On appellera aussi à l’ancien ministre qu’était Mohamed Abbou que presqu’aucun des créanciers des anciennes familles n’a jusqu’à présent reçu son argent. La loi sur la confiscation demande, en effet, aux créanciers de se déclarer, aux fournisseurs de services et d’équipement, d’en faire autant. Elle ne précise pas les procédures et les délais de remboursement des fournisseurs. Quant aux caisses de sécurité sociales ou le fisc, ils n’ont pas besoin du ministre Ben Hamidane ou de Néjib Hnane pour se faire rembourser. Des actions de redressement ont été déjà faites ou sont en cours dans toutes les entreprises des familles de Ben Ali et cela rembourse déjà fisc et CNSS.

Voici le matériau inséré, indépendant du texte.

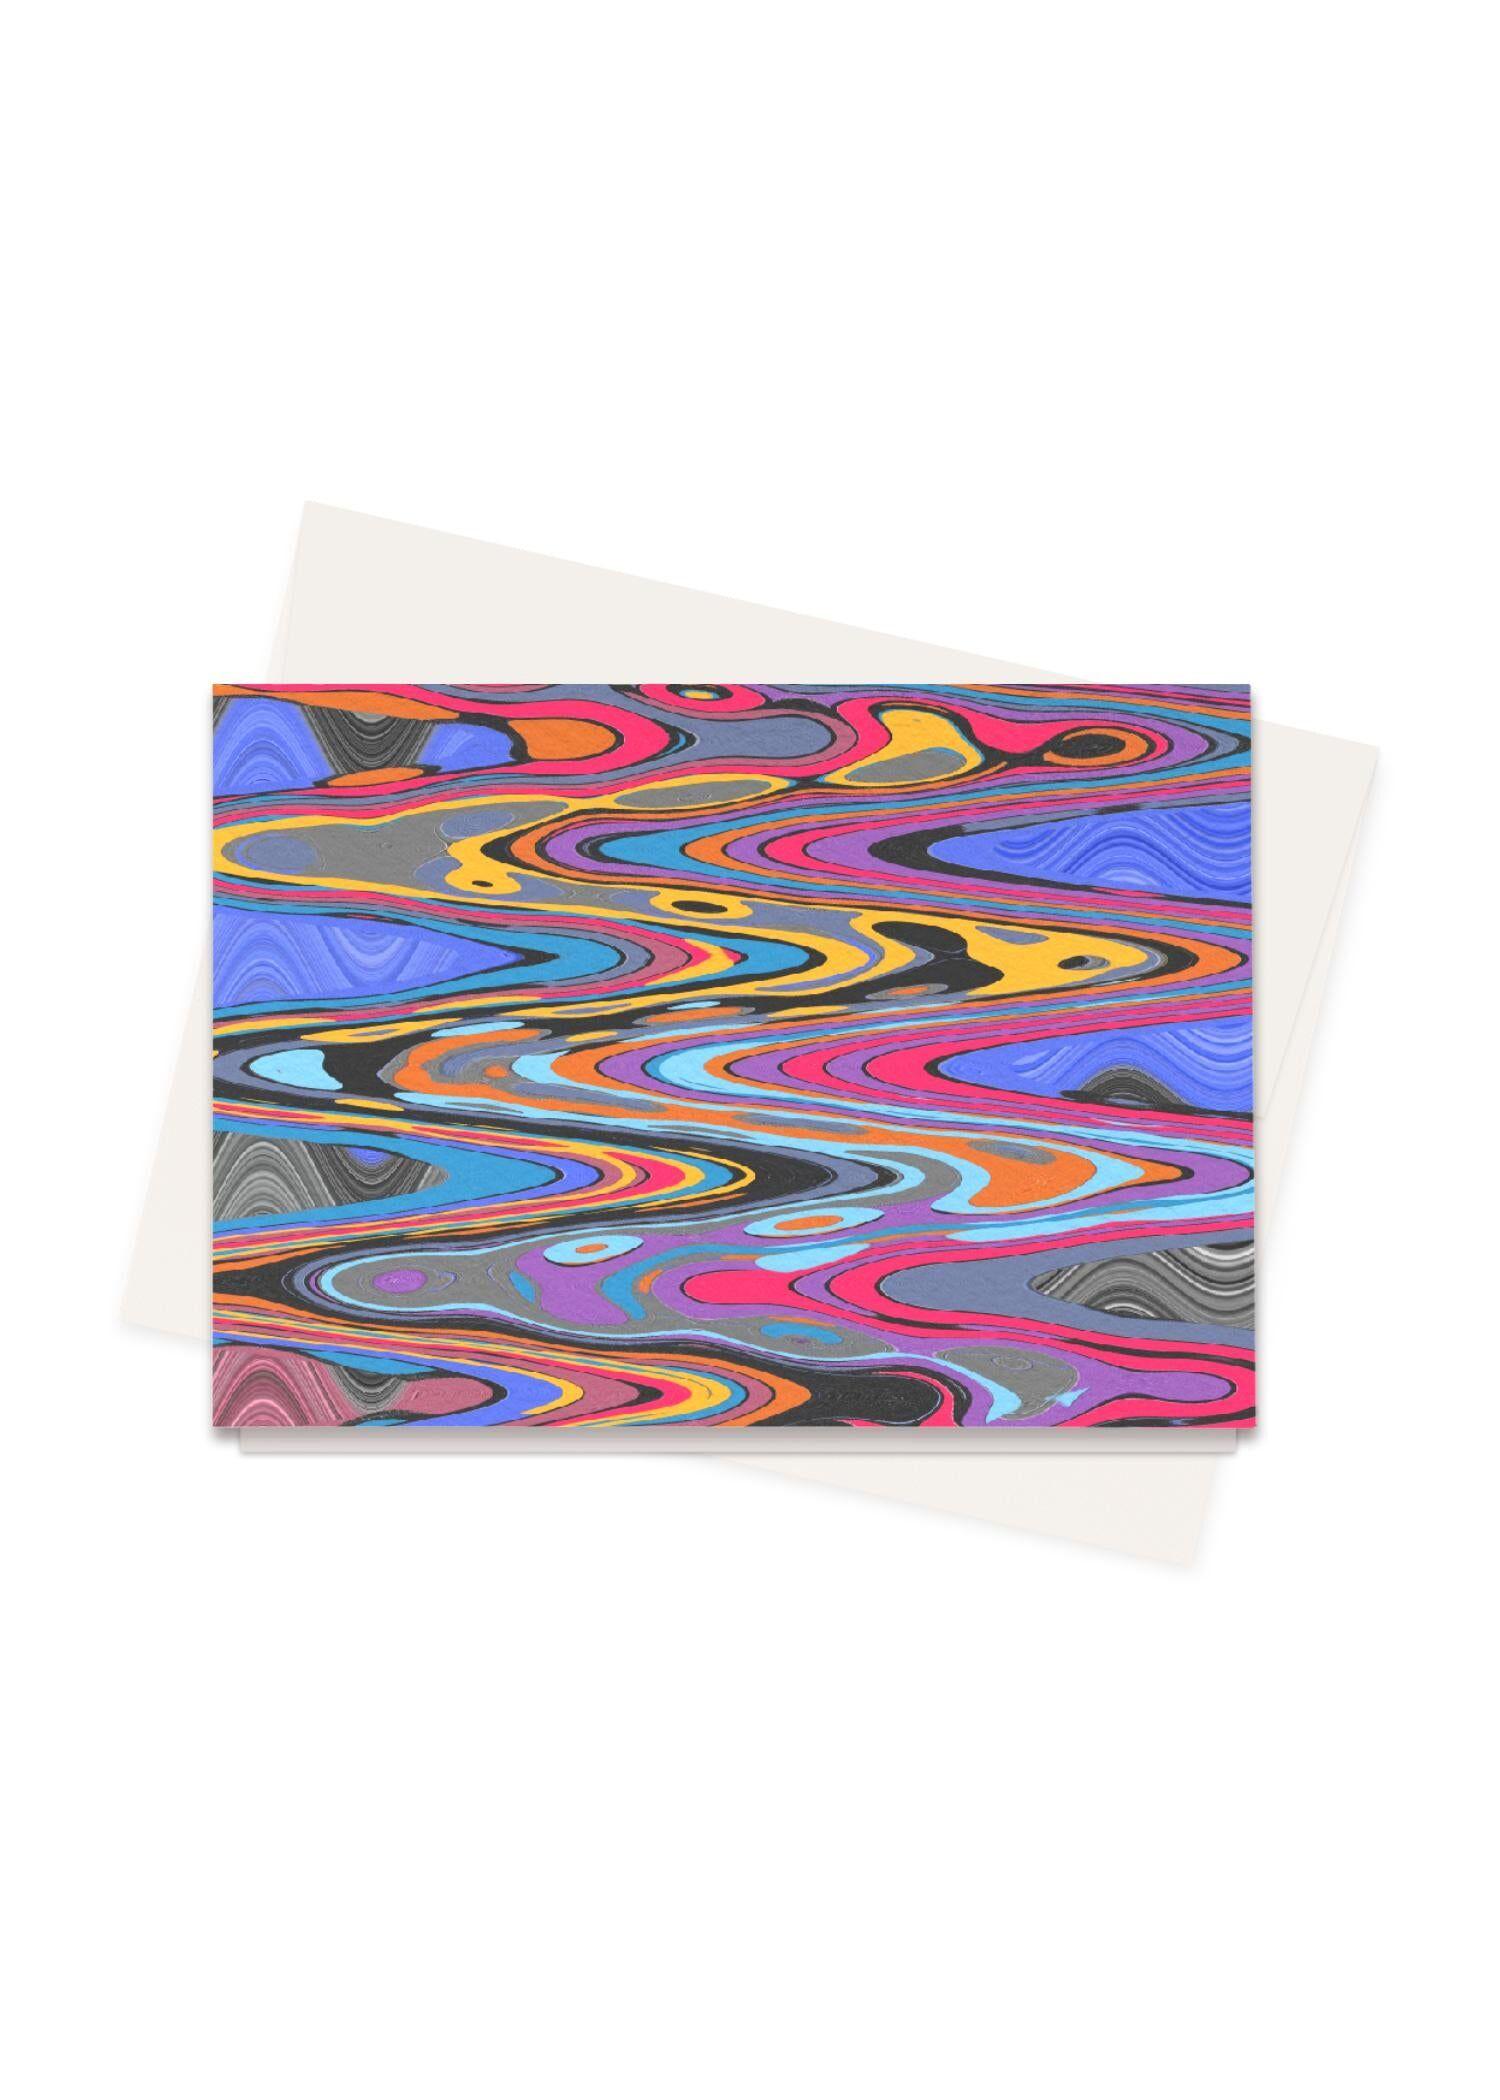 VIDA Greeting Cards Set - Vibration Pop Music 2021 by VIDA Original Artist  - Size: Set of 8

Il faut aussi rappeler que ce sont les politiciens du gouvernement qui n’arrêtent pas de gaver, à tort, la population des espoirs de récupérer l’argent spolié, sans lui indiquer que cet argent sera loin d’être distribué entre les pauvres et les affamés, mais simplement budgétisé pour d’autres projets.

Il faut ici rappeler à l’avocat qu’était Mohamed Abbou qu’il n’appartient pas au président de la commission de confiscation de décider de lui-même de cette relation de causalité. Comme il n’appartient pas à la commission, somme toute partie prenante, car représentant l’Etat confiscateur face aux personnes confisquées, de décider de l’interprétation à donner au texte de la loi. Il doit, pour cela, revenir au législateur et donc à la Constituante. Sinon, à quoi servirait la Constituante ? Sinon, à quoi servirait la séparation des pouvoirs ?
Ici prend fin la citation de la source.